An exact copy is required of the lines running from the one that contains "I'm doing what" to the end of the material, both ends included, with pictures omitted.

Given data:
○ ○ ○ ○ ○ ○ ○

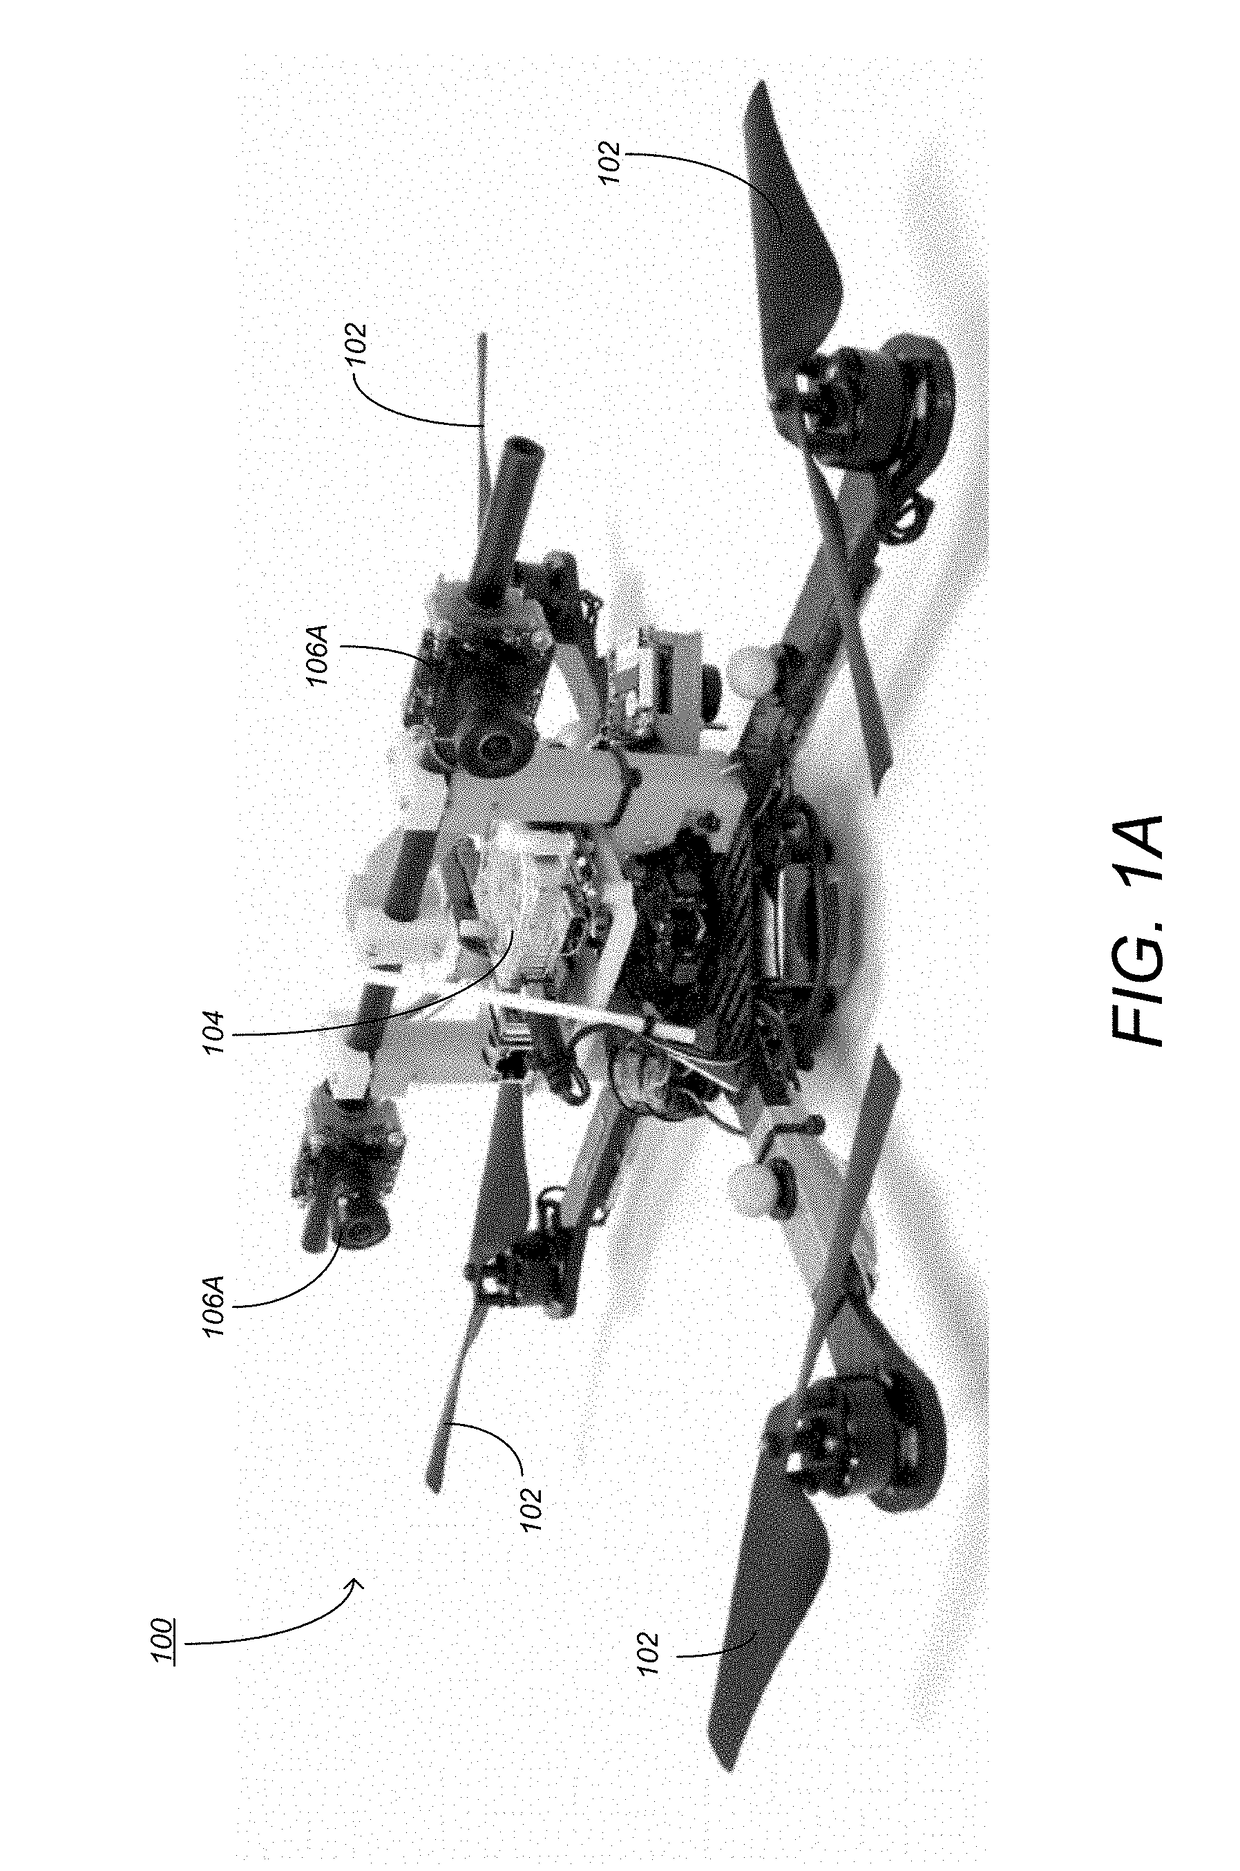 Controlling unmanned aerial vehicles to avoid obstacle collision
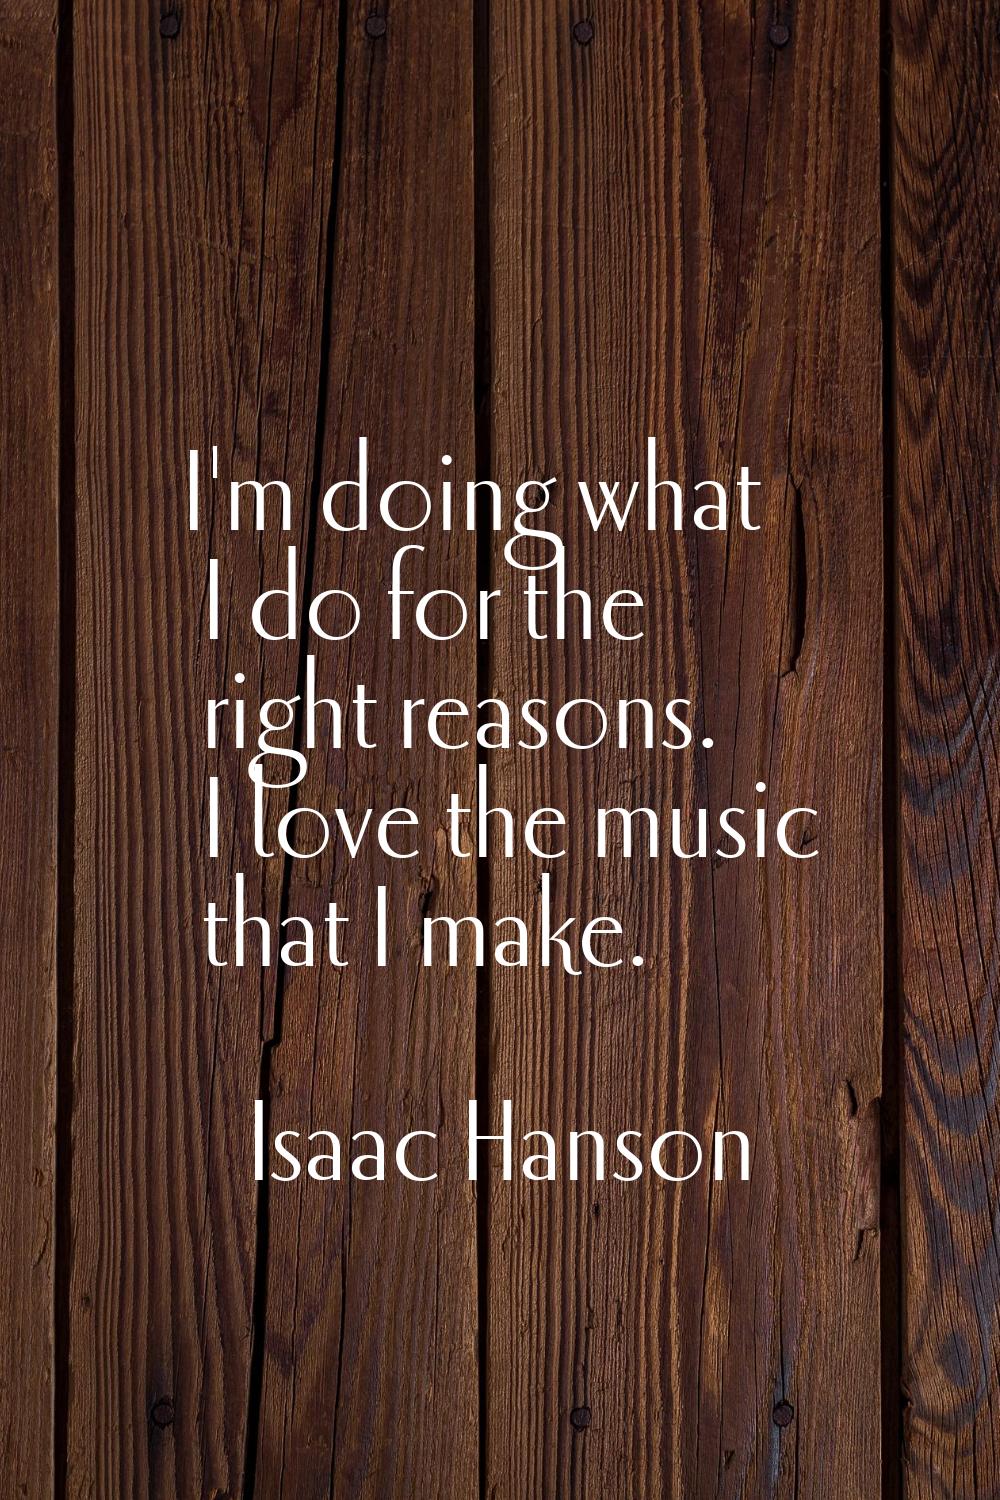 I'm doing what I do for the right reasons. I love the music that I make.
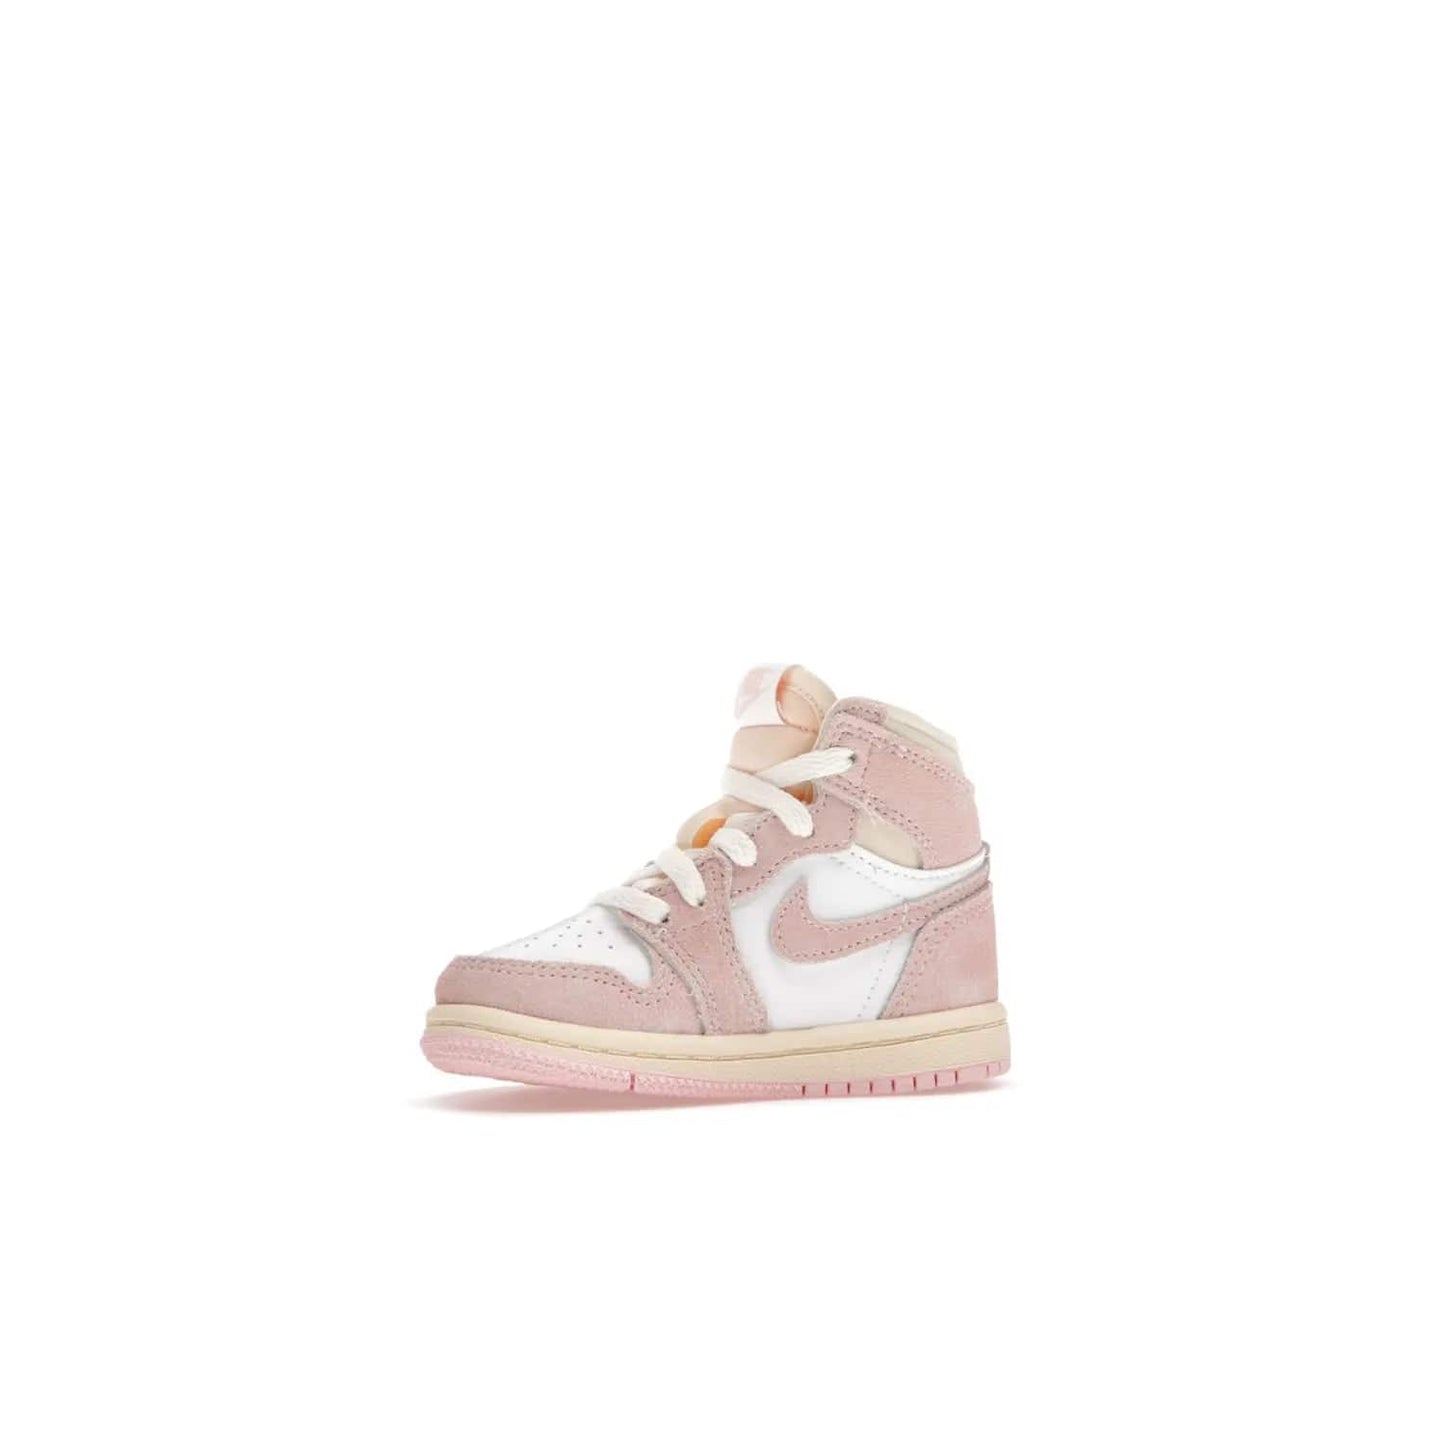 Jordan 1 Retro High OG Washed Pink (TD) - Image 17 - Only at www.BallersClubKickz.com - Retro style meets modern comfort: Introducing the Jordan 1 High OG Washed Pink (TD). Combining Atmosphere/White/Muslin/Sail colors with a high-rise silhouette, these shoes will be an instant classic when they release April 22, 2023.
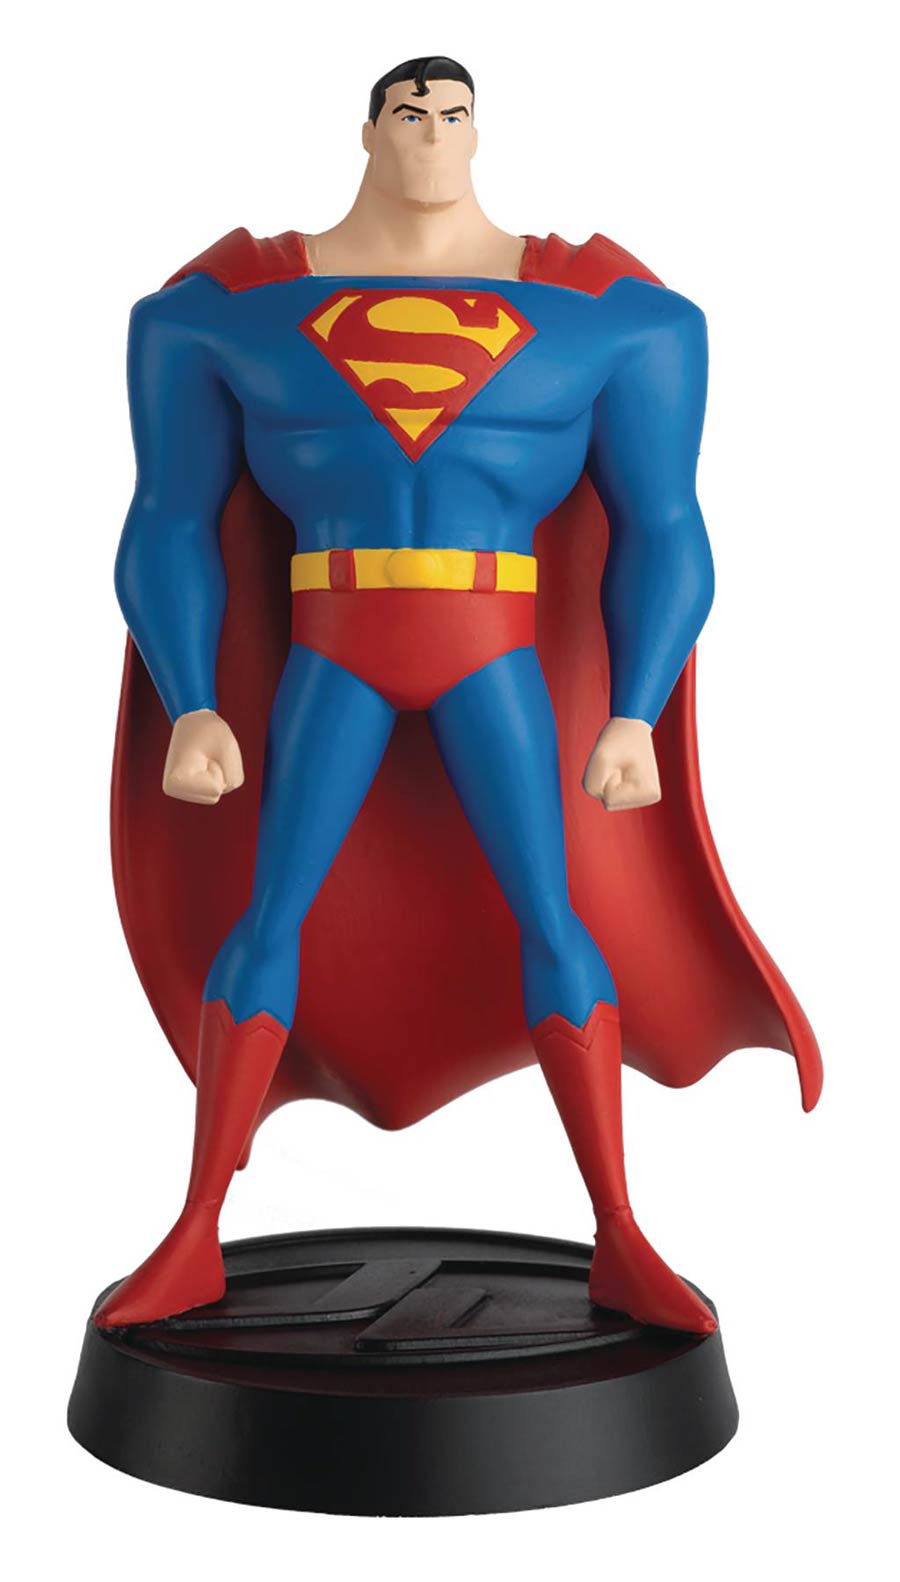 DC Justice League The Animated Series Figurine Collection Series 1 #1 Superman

○ ○ ○ ○ ○ ○ ○

Task solution:
 I'm doing what I do for the right reasons. I love the music that I make.
 Jordan 1 Retro High OG Washed Pink (TD) - Image 17 - Only at www.BallersClubKickz.com - Retro style meets modern comfort: Introducing the Jordan 1 High OG Washed Pink (TD). Combining Atmosphere/White/Muslin/Sail colors with a high-rise silhouette, these shoes will be an instant classic when they release April 22, 2023.
 DC Justice League The Animated Series Figurine Collection Series 1 #1 Superman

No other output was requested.